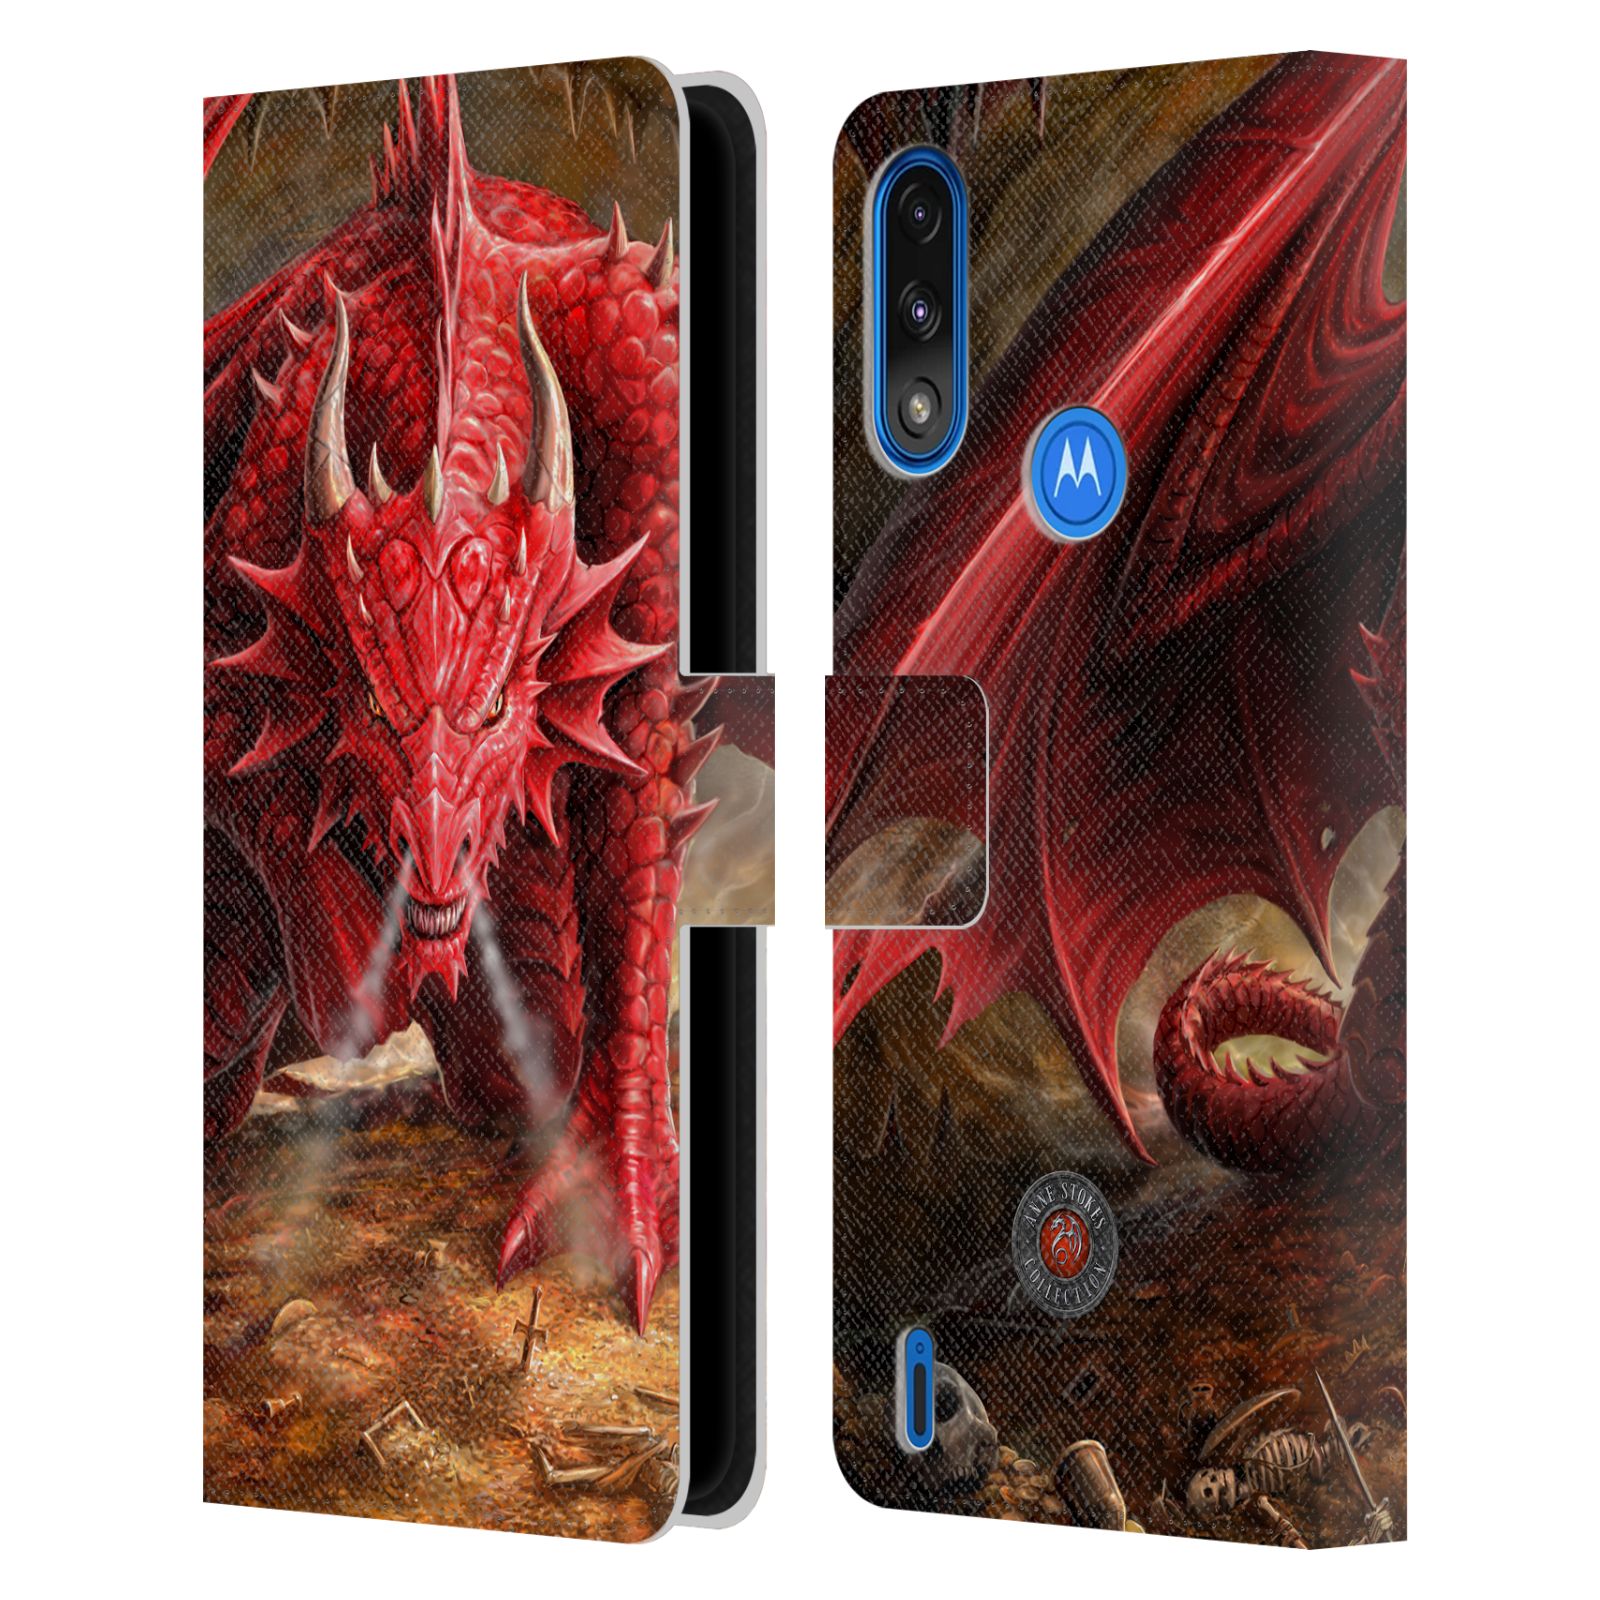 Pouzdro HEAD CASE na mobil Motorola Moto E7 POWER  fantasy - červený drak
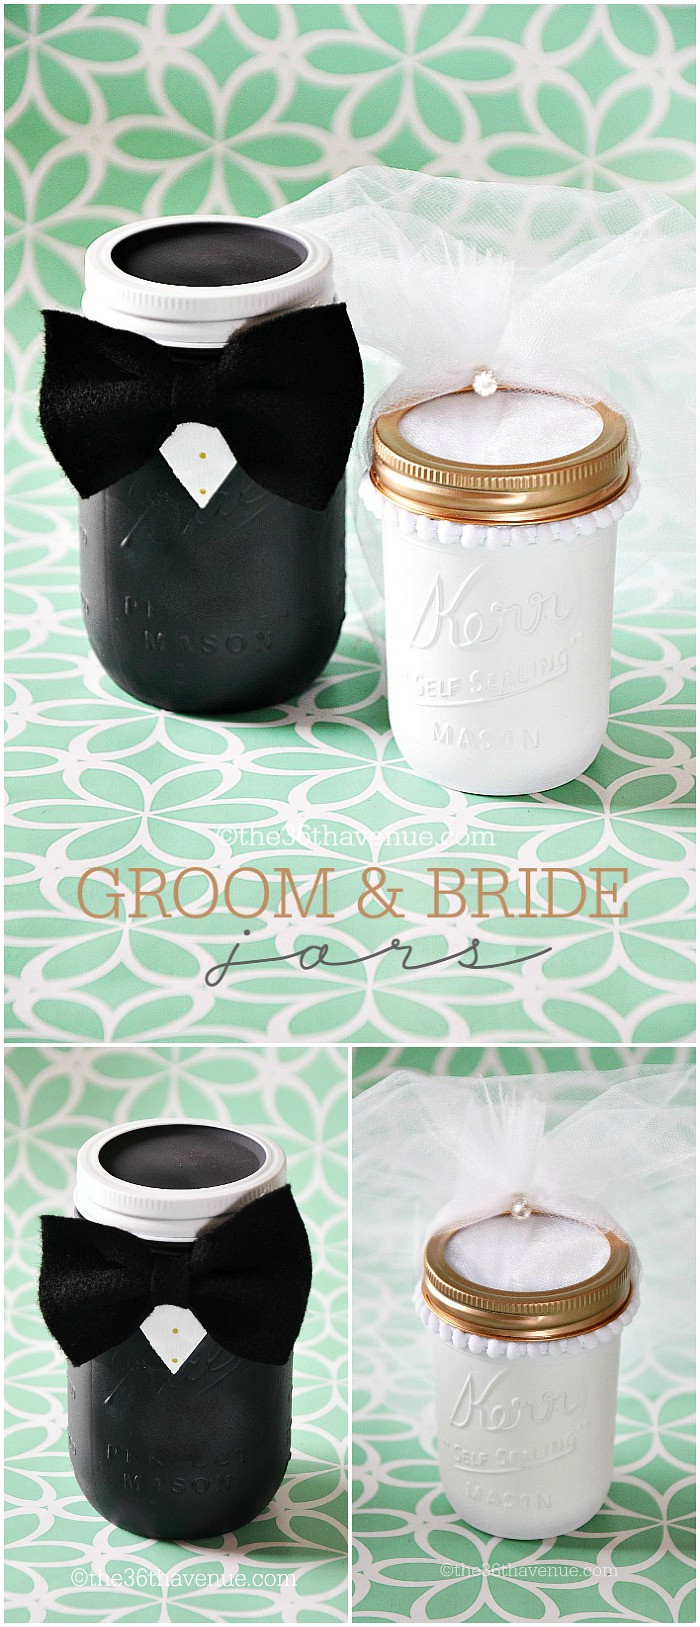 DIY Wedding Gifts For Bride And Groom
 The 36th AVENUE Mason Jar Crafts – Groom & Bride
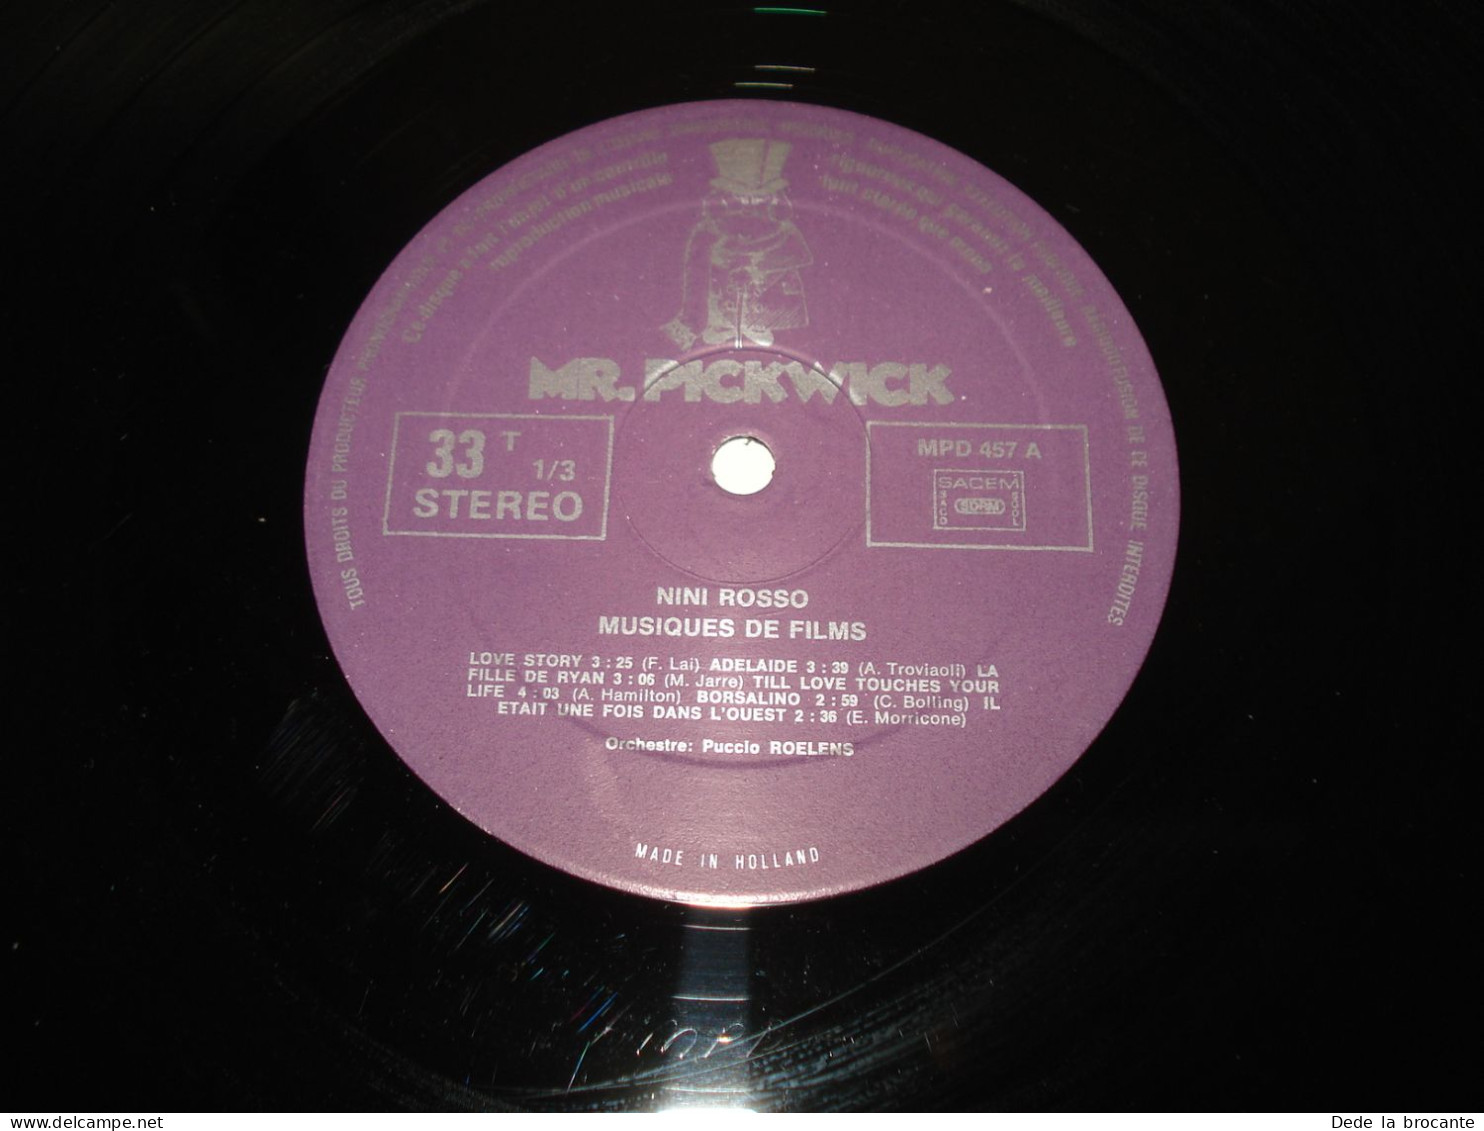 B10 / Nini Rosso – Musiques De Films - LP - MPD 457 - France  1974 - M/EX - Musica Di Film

□ □ □ □

◆ Directions ◆
Give the data above again, exactly, with every picture removed.

◆ Worked solution ◆
 Pouzdro HEAD CASE na mobil Motorola Moto E7 POWER  fantasy - červený drak
 DIY Wedding Gifts For Bride And Groom
 The 36th AVENUE Mason Jar Crafts – Groom & Bride
 B10 / Nini Rosso – Musiques De Films - LP - MPD 457 - France  1974 - M/EX - Musica Di Film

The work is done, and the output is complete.